Like other books by Anne Perry, the nuances and mores of Victorian England are as vital to the story as any specific plot point or character. This provides a meticulous exploration of motives and possibilities. It is in the minute details of an observed glance, body posture or facial expression where some of the most significant crime solving occurs. The world of this book is layered, interwoven, and subtle as is the story line itself. Peeling the layers makes this a book for reflective savoring rather than breathless page turning.

Tomorrow We Spy by Jordan McCollum (Durham Crest Books, Nov. 2014)

Tomorrow We Spy is the third and final book in Jordan McCollum’s “Spy Another Day” series. This time protagonist CIA operative Talia Reynolds (Fluker) is in Paris on her honeymoon with her aerospace engineer husband Danny, enjoying and adjusting to newly married life. She doesn’t get to luxuriate long before the CIA tracks them down for a top secret mission. There’s a big switch this time: the assignment is not for Talia — it’s for her husband Danny.

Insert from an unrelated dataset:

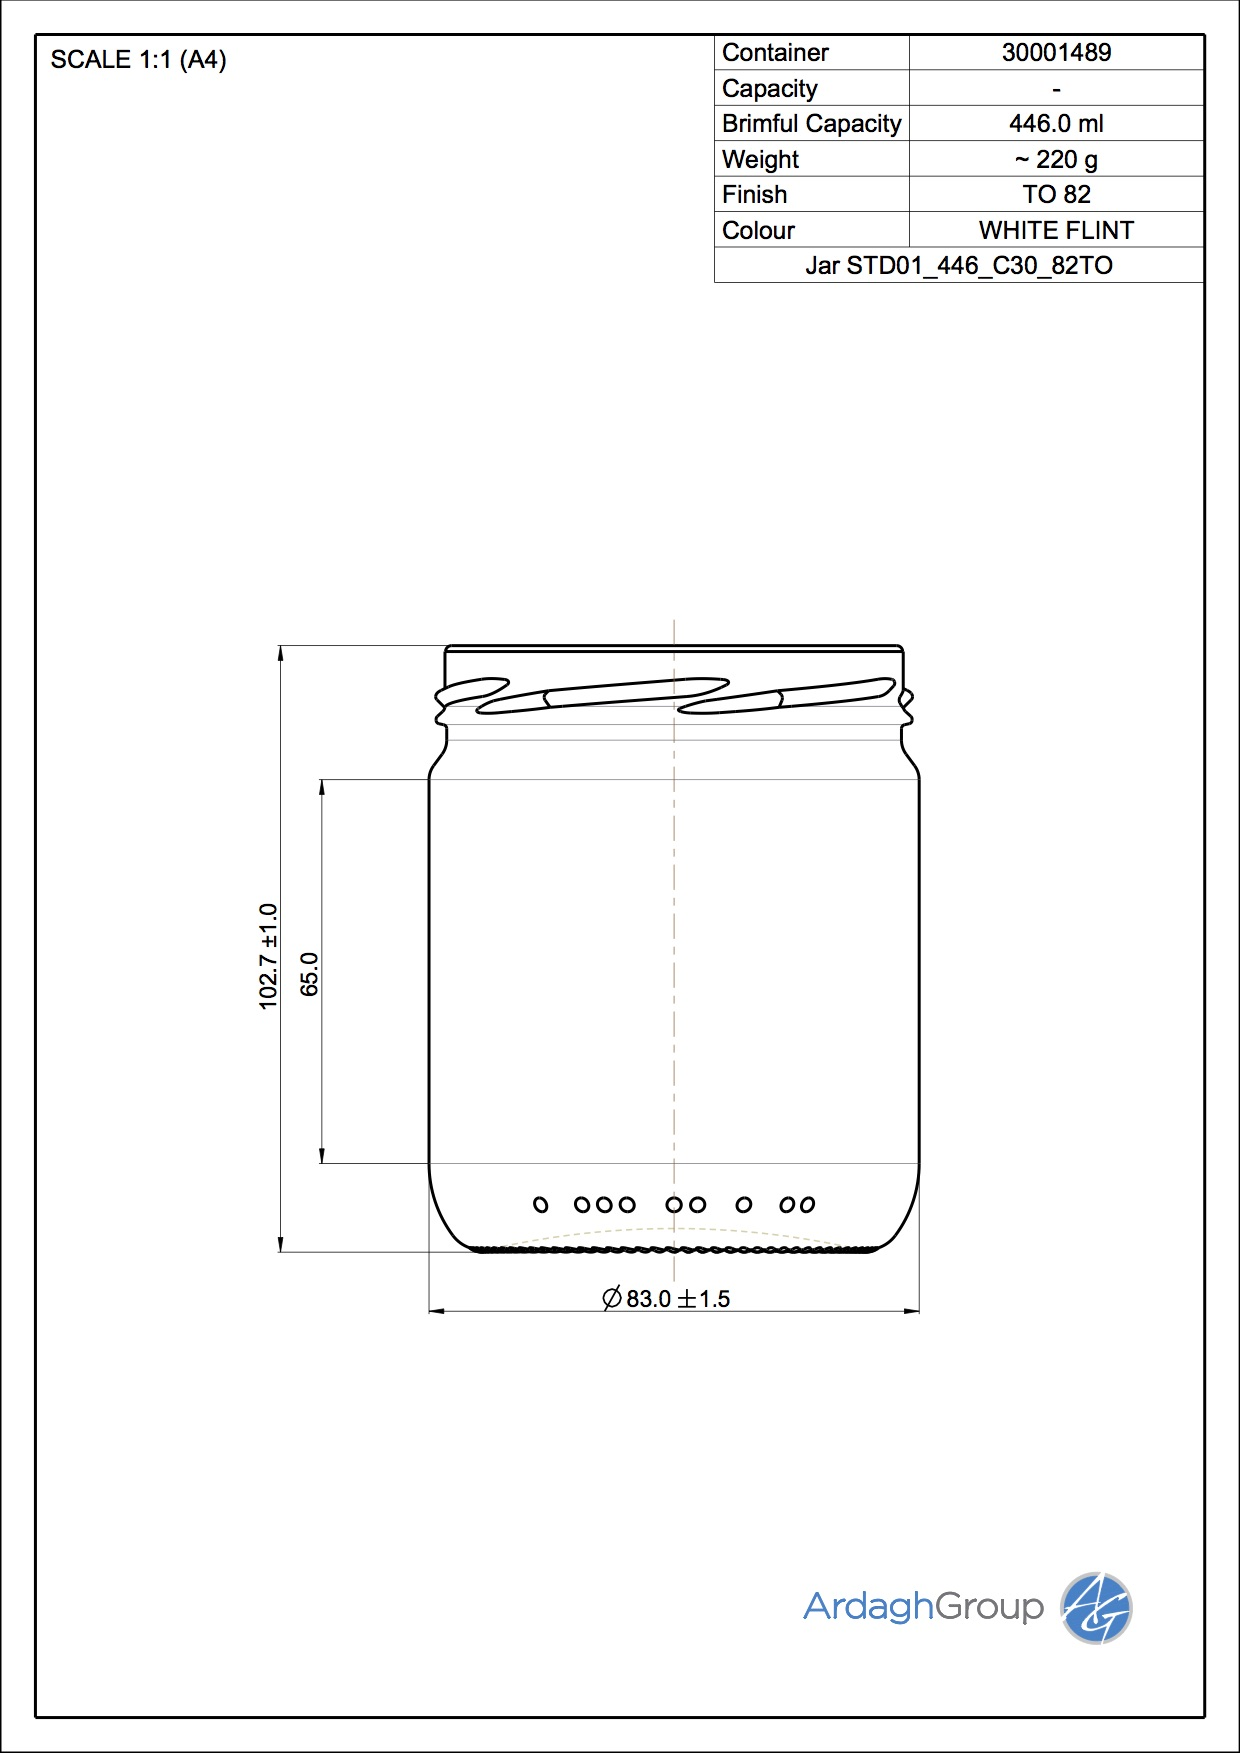 Jar STD01 446 C30 82TO

Danny’s the one with the background and network to connect with their target, a Russian FSB officer and aerospace executive. Talia, who has always been insistent on protecting Danny from the dangerous aspects of the spy life, goes undercover to accompany him.

Undercover life challenges Talia’s abilities to balance her personal and professional lives. When the FSB officer shakes their world, Talia hopes she has the talent and skills required to rescue Danny and save both their marriage and their lives.

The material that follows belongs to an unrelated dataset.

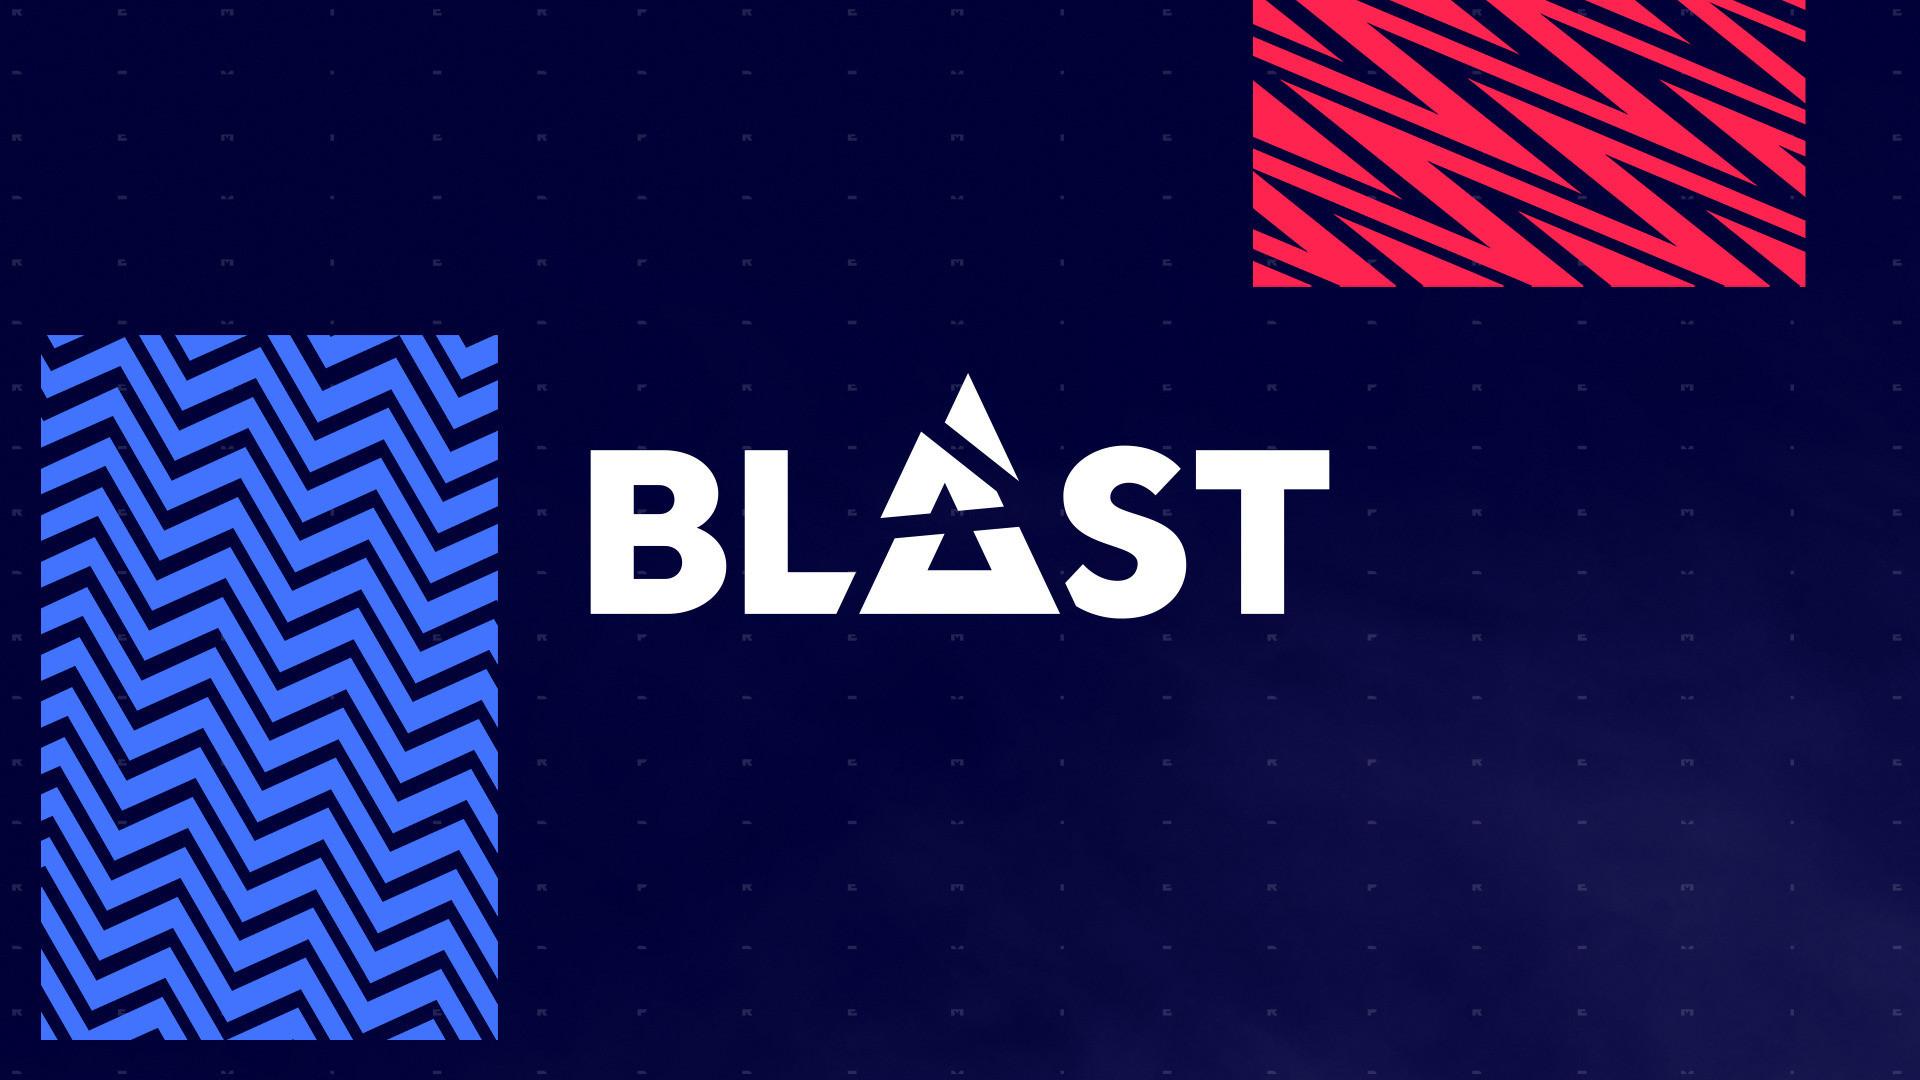 BLAST Premier Fall : FURIA et mouz qualifiés

This is the first book I have read in the “Spy Another Day” series. I imagine reading the previous books would provide more insight into Talia and Danny’s relationship, but the characters were skillfully enough drawn in Tomorrow We Spy that I was quickly caught up in the adventure.

And adventure it is! The settings for the action are wonderfully drawn with care and detail, capturing the reader enough to practically smell the brie or the borscht. The pace is lickety-split from the first chapter, carrying the reader eagerly along from plot twist to plot twist for the wild ride. Despite the dangerous encounters and intrigues, the reader is comfortably confident in Talia (and in the author) that the ride, though suspenseful, is a pleasure. The witty dialogue – internal and external – works to great effect in capturing the energy and humor of the escapades and the personalities of the characters.

The heart of the story, I feel, is not as much in the flash and sparkle of the plot, but in Talia’s interior work. What does it mean to be part of a team? What does it mean to be a spouse? How do partners learn to share and balance leadership? How does each person come to appreciate completely different skill sets? And, just for the thrill of it, how does one do this in the ultimate stressful situation where everything, including life, is at risk?